Earlier this evening I was playing around with the idea of a free SSL. Everything was working fine as I stumbled through the cert authority's site. Since it was open source it was definitely not intuitive in any aspect. Which is fine; these are the sacrifices you make when trying to go for the cheap.

After generating my cert I installed it into our server. Prior to this I had a image made just incase.

Installed.

Green! Everything checks out. FANTASTIC!

Remove my mail account and re-add it.

Mail begins to not populate from the inbox. All others are fine.

Check webmail.

Inbox is empty.

Drat.

Fair enough-- Ill restore from my backup.

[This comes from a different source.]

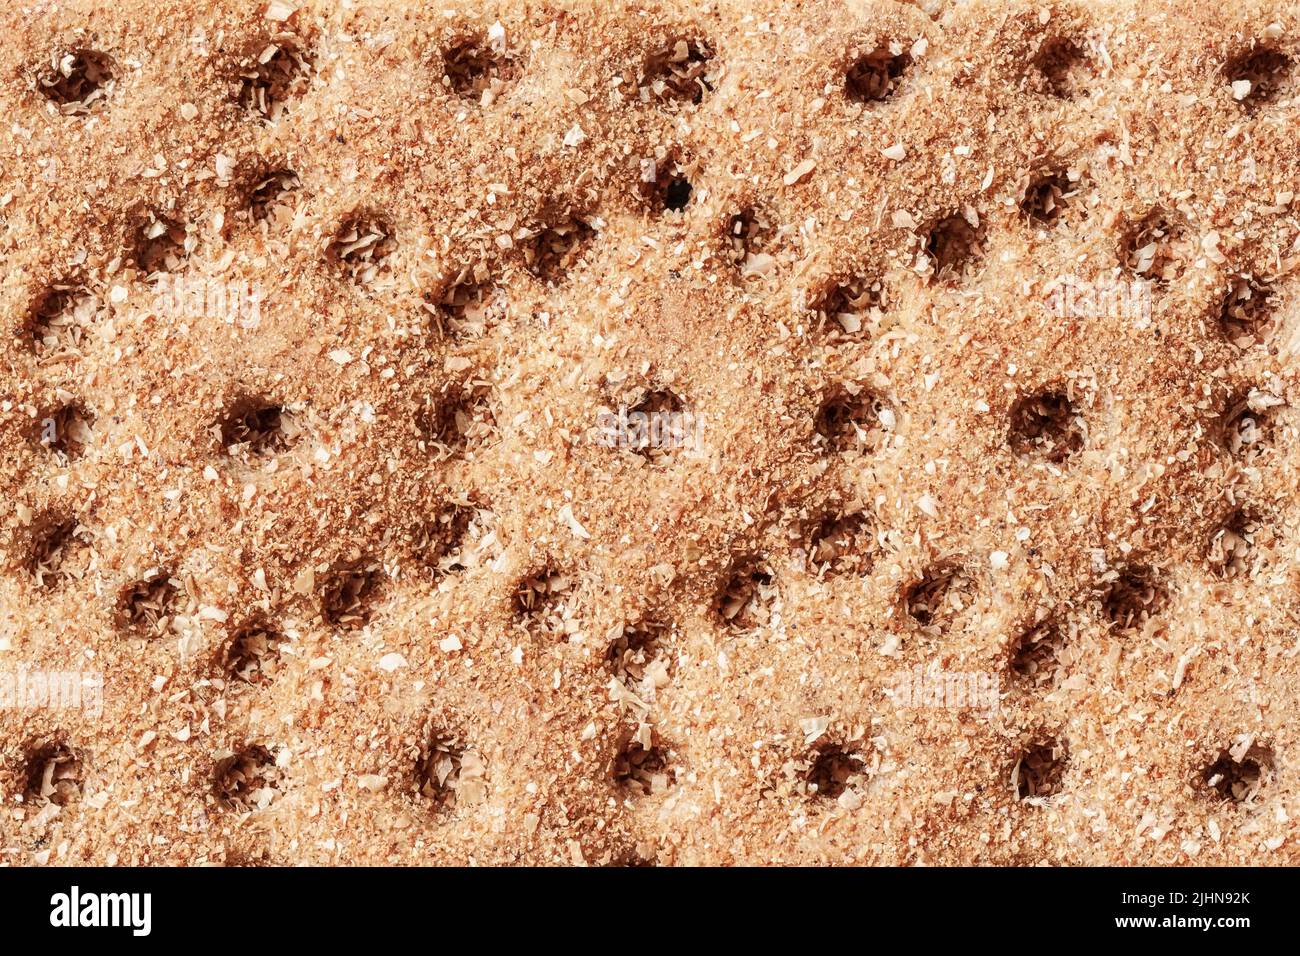 Trama di croccante di segale con semi di lino schiacciato, sesamo e girasole. Cracker dietetico Foto Stock

Backup did not grab my inbox, because it was in use by IMAP...

TERROR.


OK, breathe deep. I can get through this.

Following this, I began a little look around. Why were these messages gone? And if so, where did they get moved to? Obviously the server would not just delete them entirely- That would be stupid.

I navigate to my box. I find it and attempt to open it. "Permission denied in use". A little sudo and I am in.
Now here's where it gets interesting.
ls -lah
.DeletedMessages
cd .DeletedMessages/
ls-lah

all of my inbox. Whew!

now for a little copy and back to the current file.

success! All messages back and all is well.

Interesting how much the finder hides from you even when viewing invisible files.

Jony


Tuesday, October 25, 2011

Why old tech makes moving forward TERRIBLE :(

I've had a recent debacle regarding trying to implement some older attachment cards into newer systems. It comes to me as quite curious that as we move forward in technology we almost entirely stop supporting the past.

While in most cases this is find and in actuality; I don't really mind. It comes as quite a frustration when not only do we have to find hardware that supports this older peripheral. But more so downgrading the system all-together to make it work.

Seems kind of counter-productive, no?